Apa dia bilang?
Abi menatap sendu padaku. Bukannya aku mau memanding-bandingkan. Saat dulu Ben melamar ku, wajahnya berseri, senyum tulus mengembang, bucket bunga, dan cincin emas permata. Sedangkan Abi, wajahnya nampak sedih, seolah dia sedang dipaksa mengajakku menikah.
Permintaannya bukan seperti permintaan tulus, tapi seperti menawarkan jalan keluar. Aku tertawa kecil. Dia sudah berada di jalan buntu. Tapi, menjadikan pernikahan sebagai jalan keluar untuk sebuah masalah bukan gagasan yang baik.

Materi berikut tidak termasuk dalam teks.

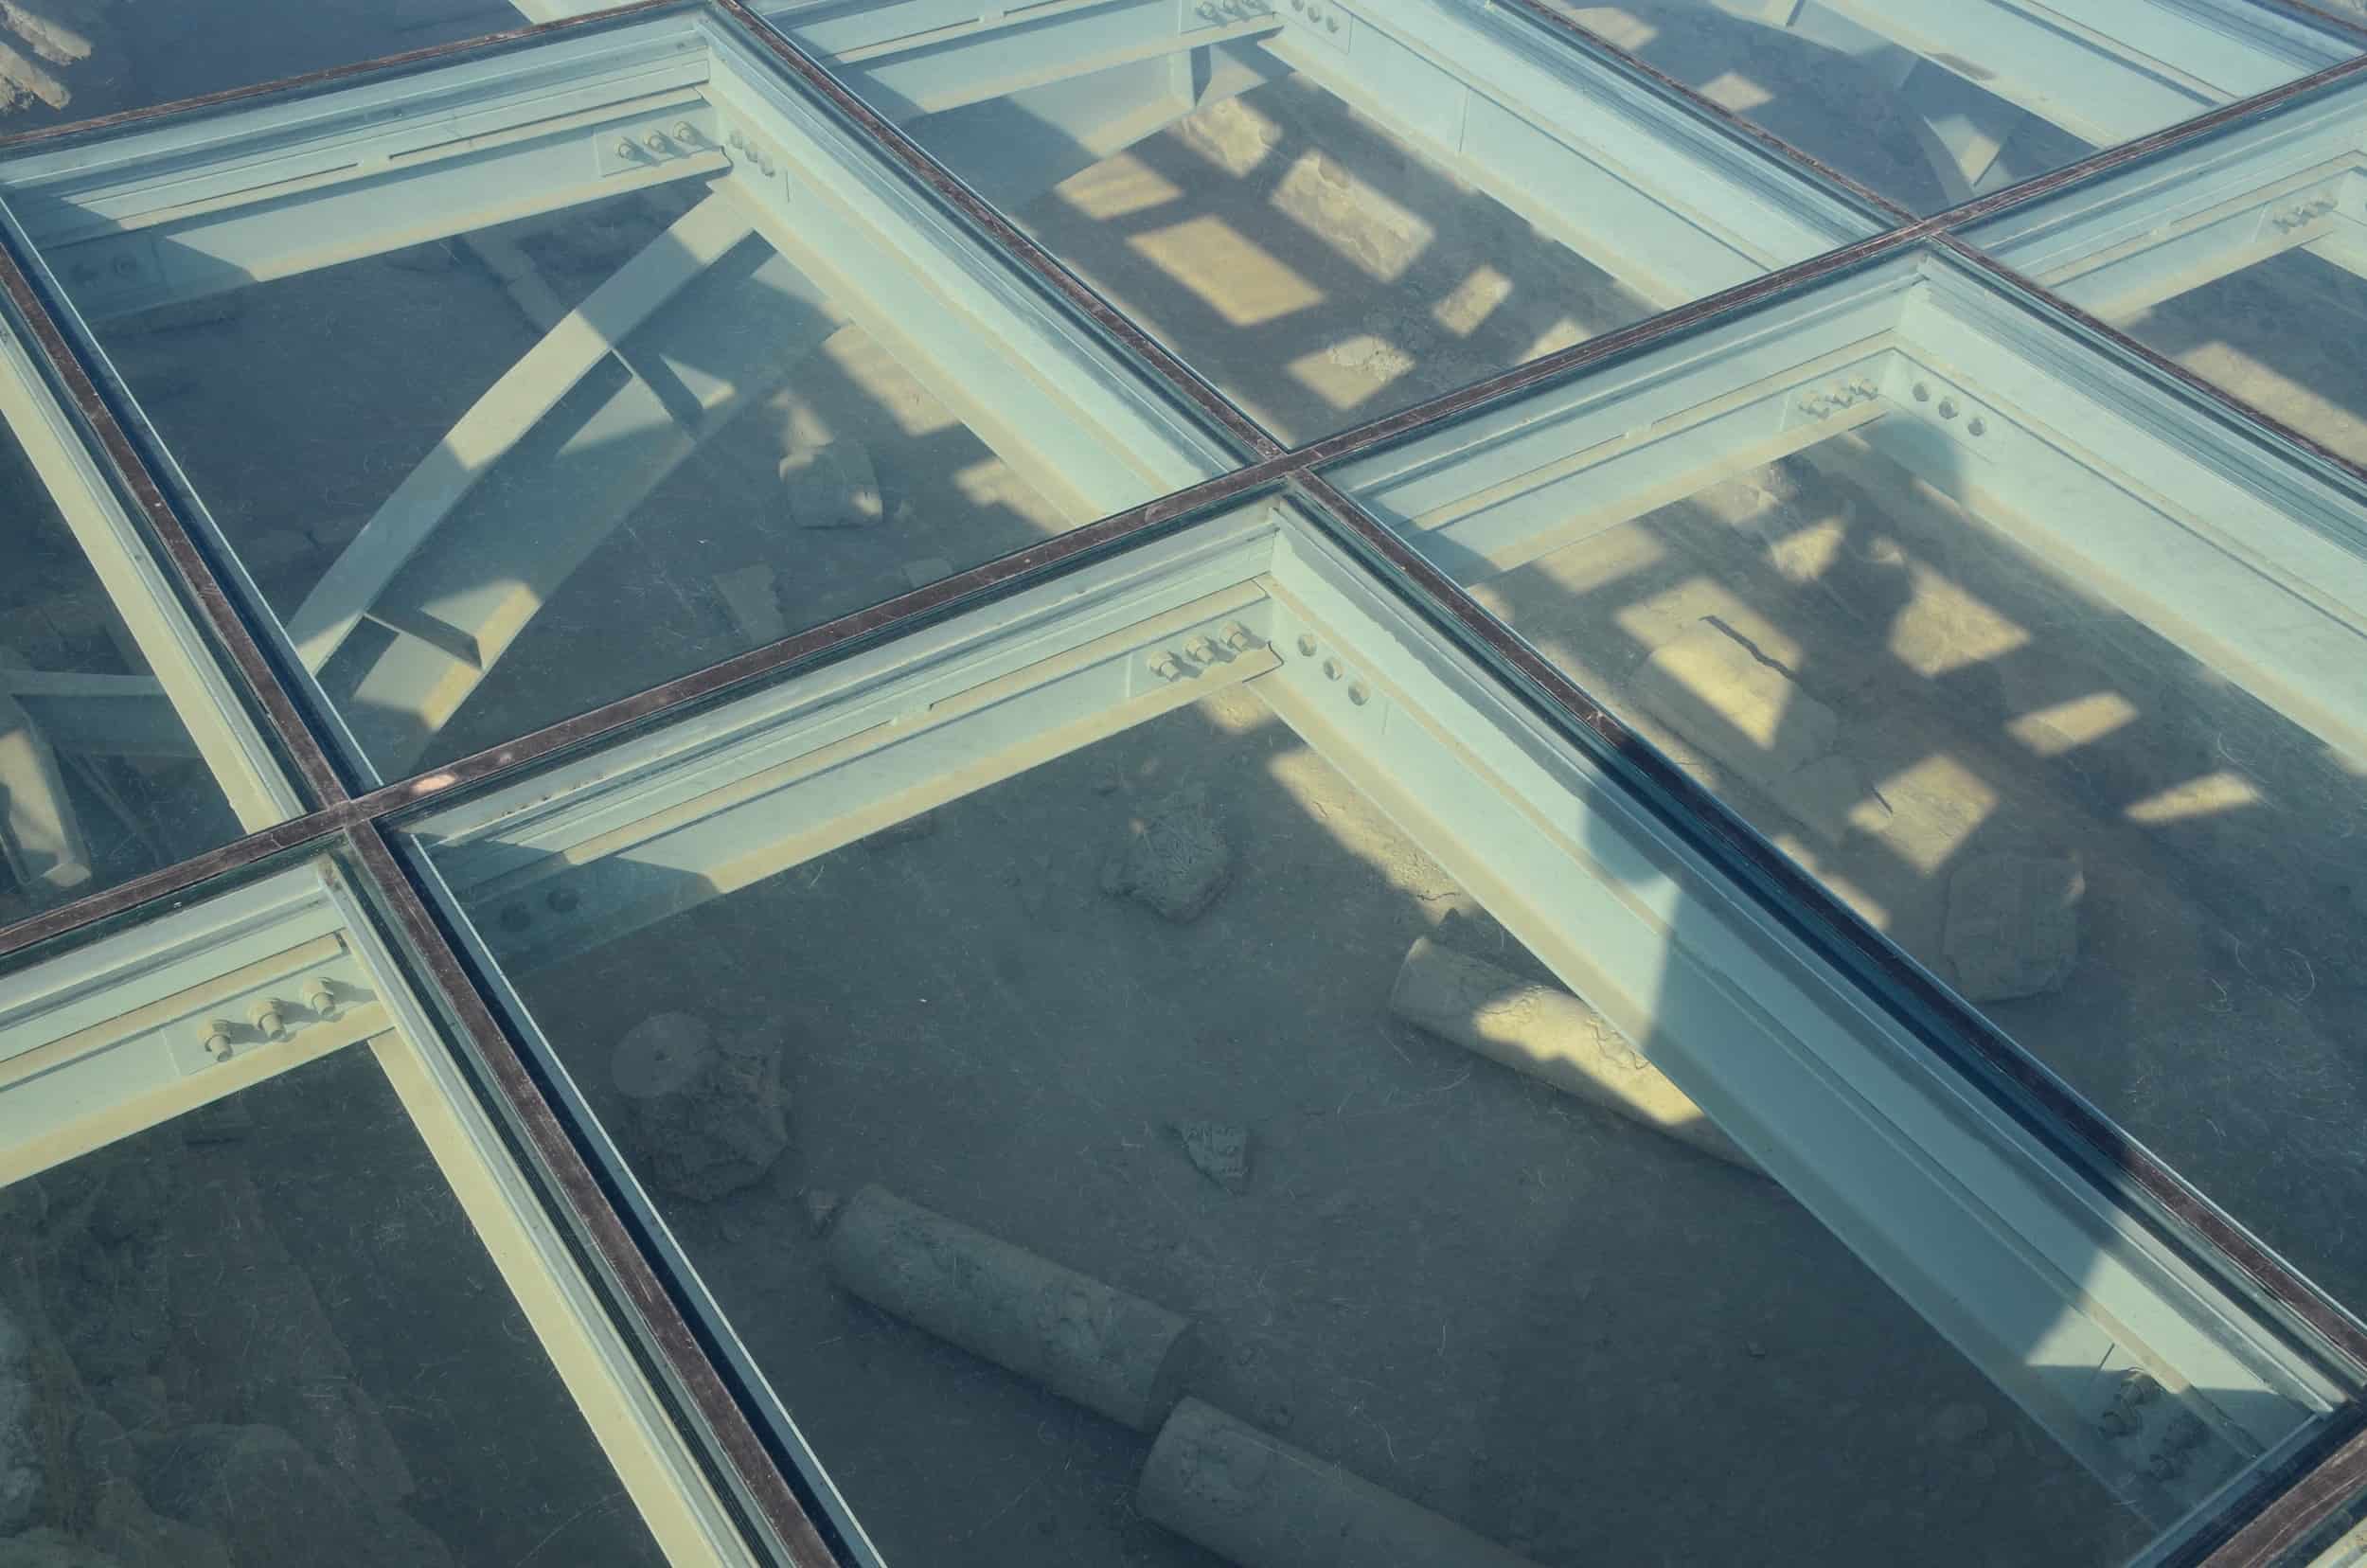 Glass floor of the naos of Temple A

"Kau mengajakku menikah, di saat dirimu masih menjadi suami orang." Aku menyemburkan tawa meremehkan. "Kau lebih brengsek dari pria brengsek." Aku menekan ujung jariku di dada Abi. "Mau dicatat di pengadilan mana namaku saat menikah denganmu? Hah? Mau kau jadikan apa aku nanti? Istri kedua? Istri simpanan? Dan menikah dengan cara apa? Menikah siri? Iya?" Cecar ku murka. "Kau... You are jerk, Bi."